* [EXERCISE DATA]
·····

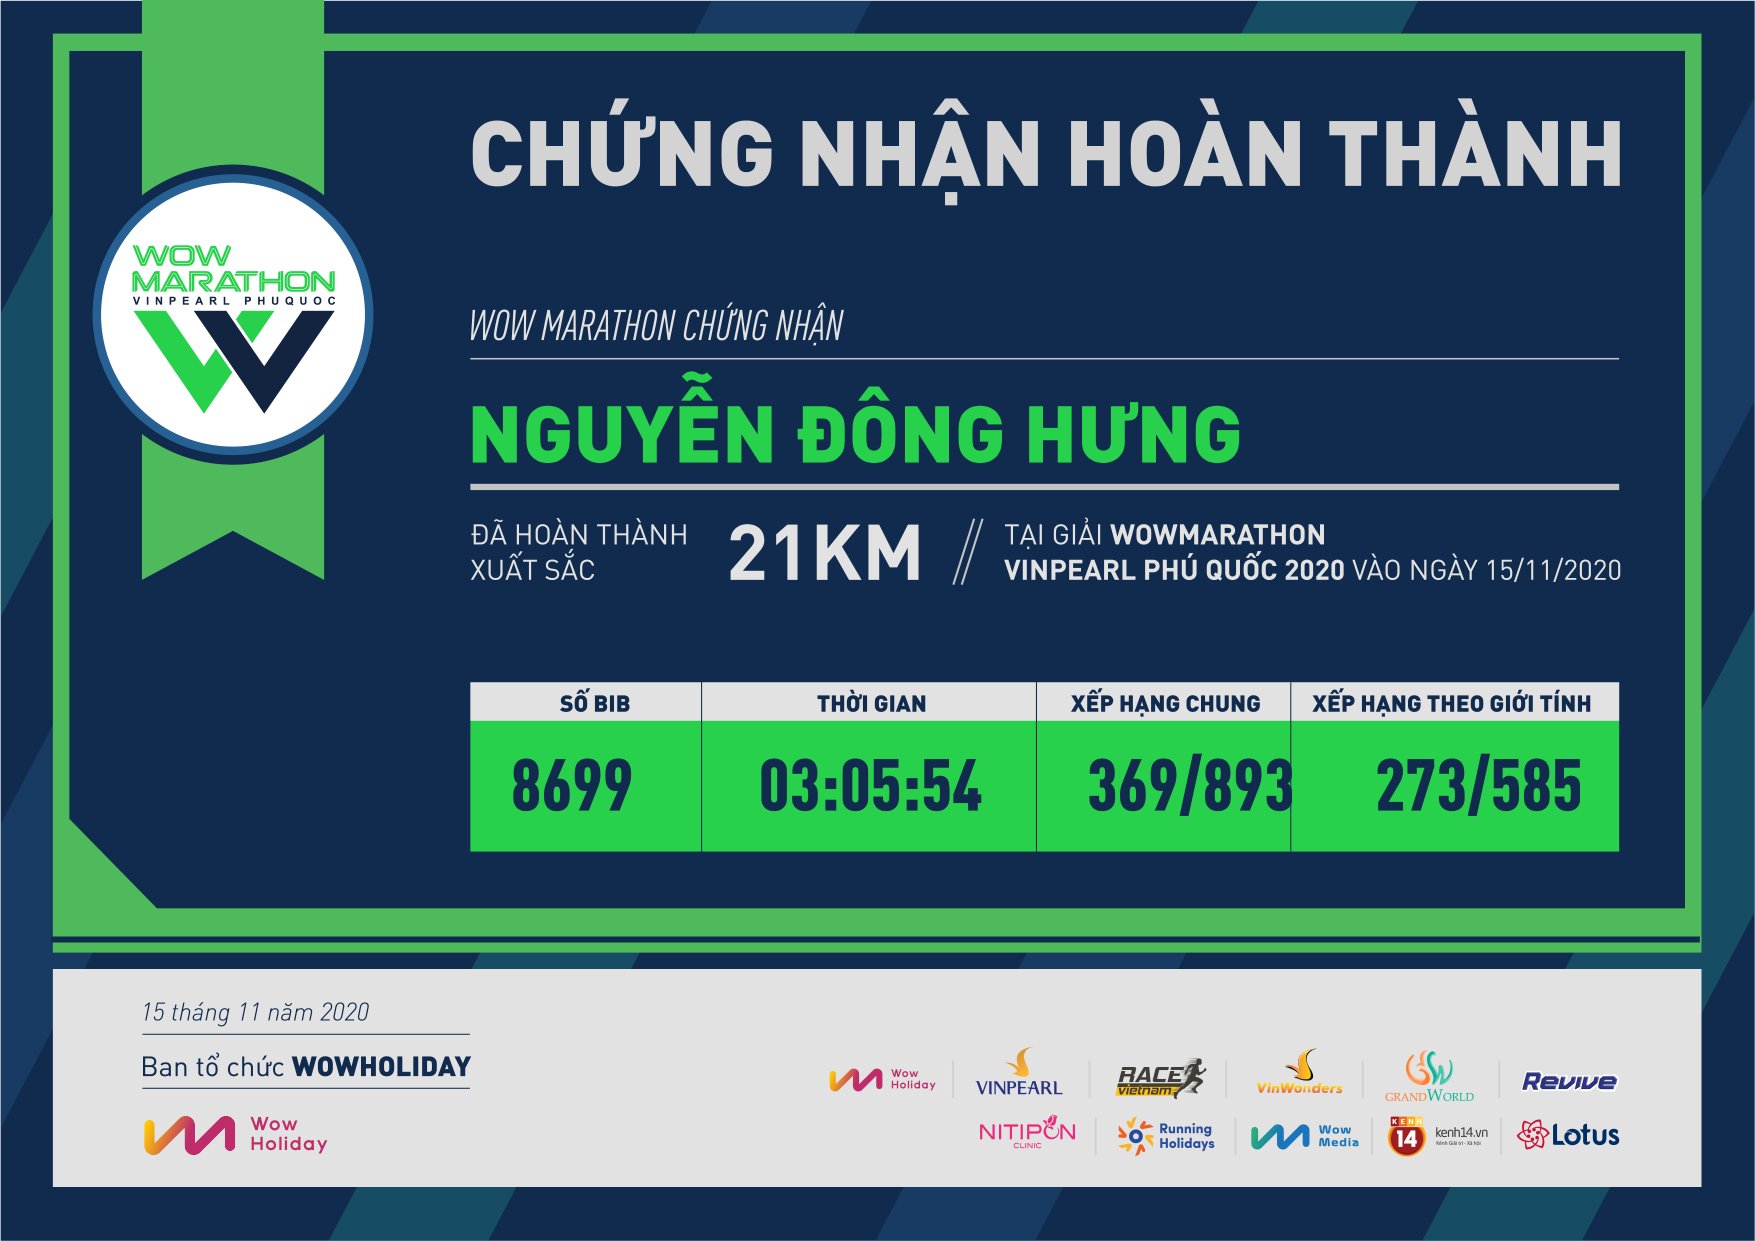 8699 - Nguyễn Đông Hưng
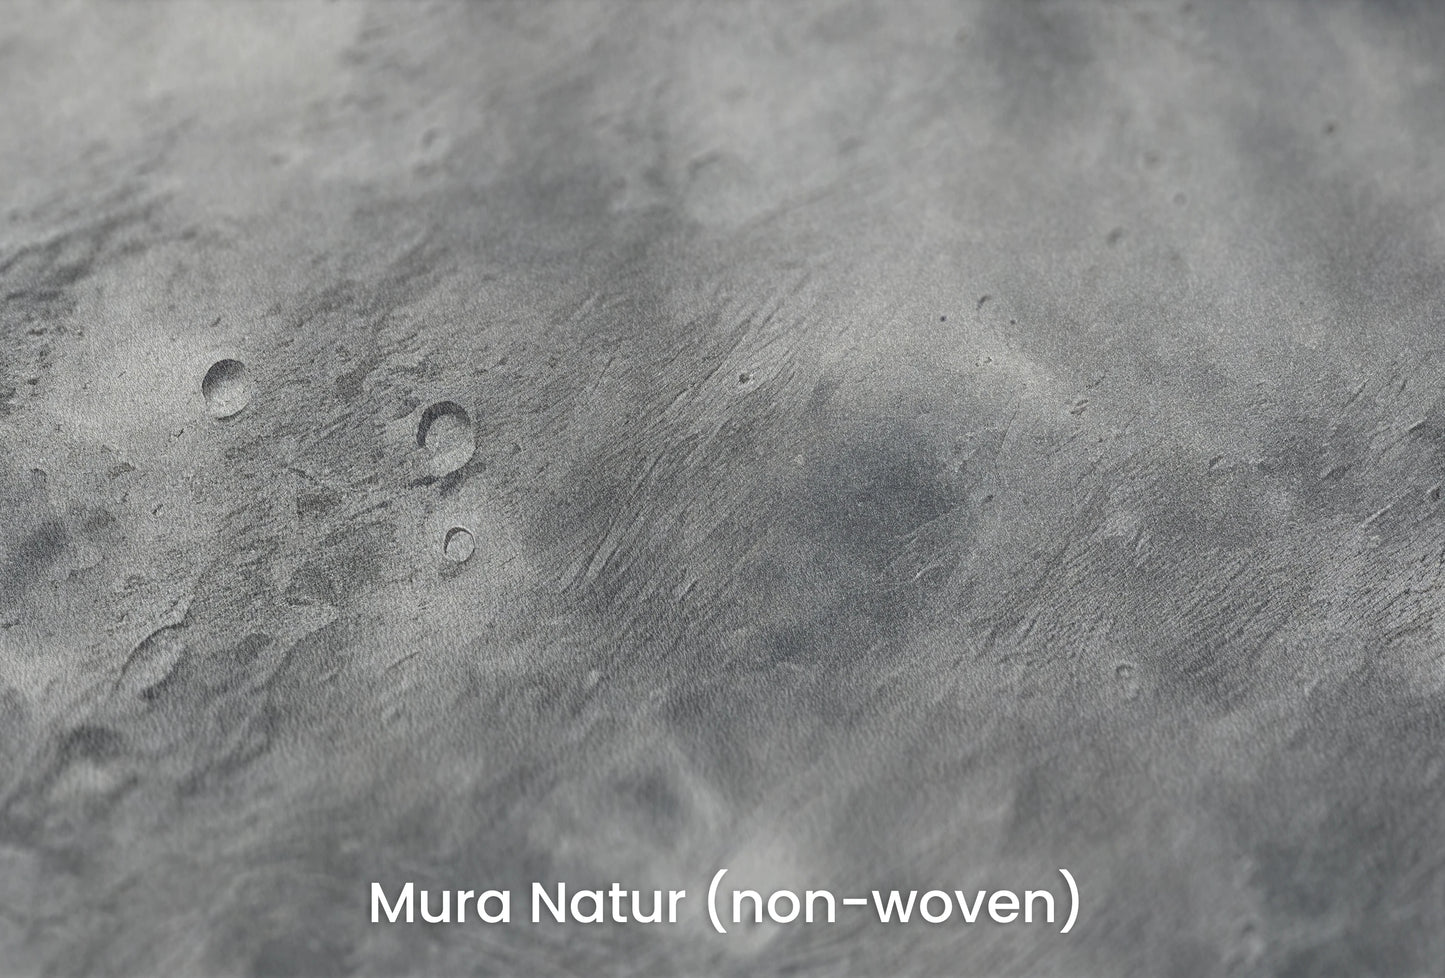 Zbliżenie na artystyczną fototapetę o nazwie Mercury's Crust na podłożu Mura Natur (non-woven) - naturalne i ekologiczne podłoże.
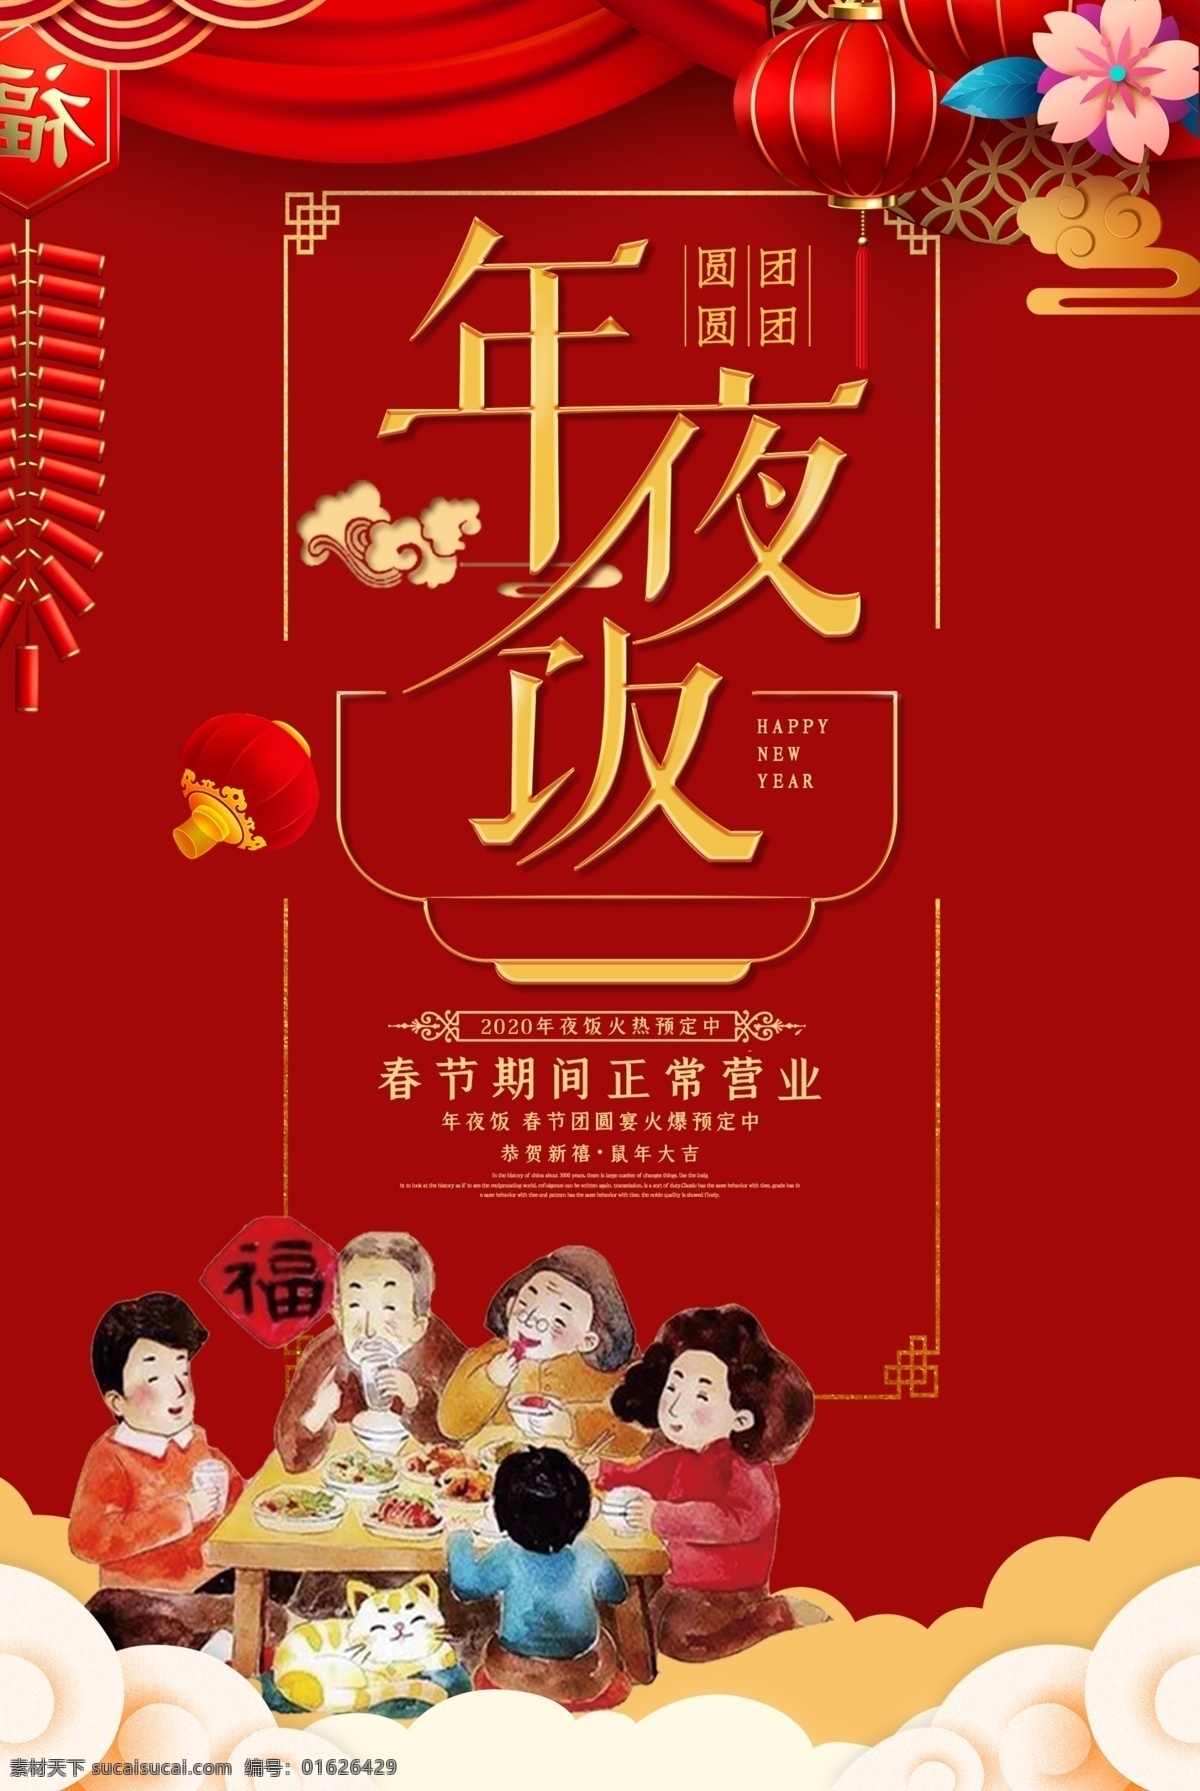 年夜饭 春节 预定 新年 海报素材

·····

* [EXERCISE DIRECTIONS] Output the whole listing again, exactly, without its pictures.

* [OUTPUT]
 8699 - Nguyễn Đông Hưng
 Zbliżenie na artystyczną fototapetę o nazwie Mercury's Crust na podłożu Mura Natur (non-woven) - naturalne i ekologiczne podłoże.
 年夜饭 春节 预定 新年 海报素材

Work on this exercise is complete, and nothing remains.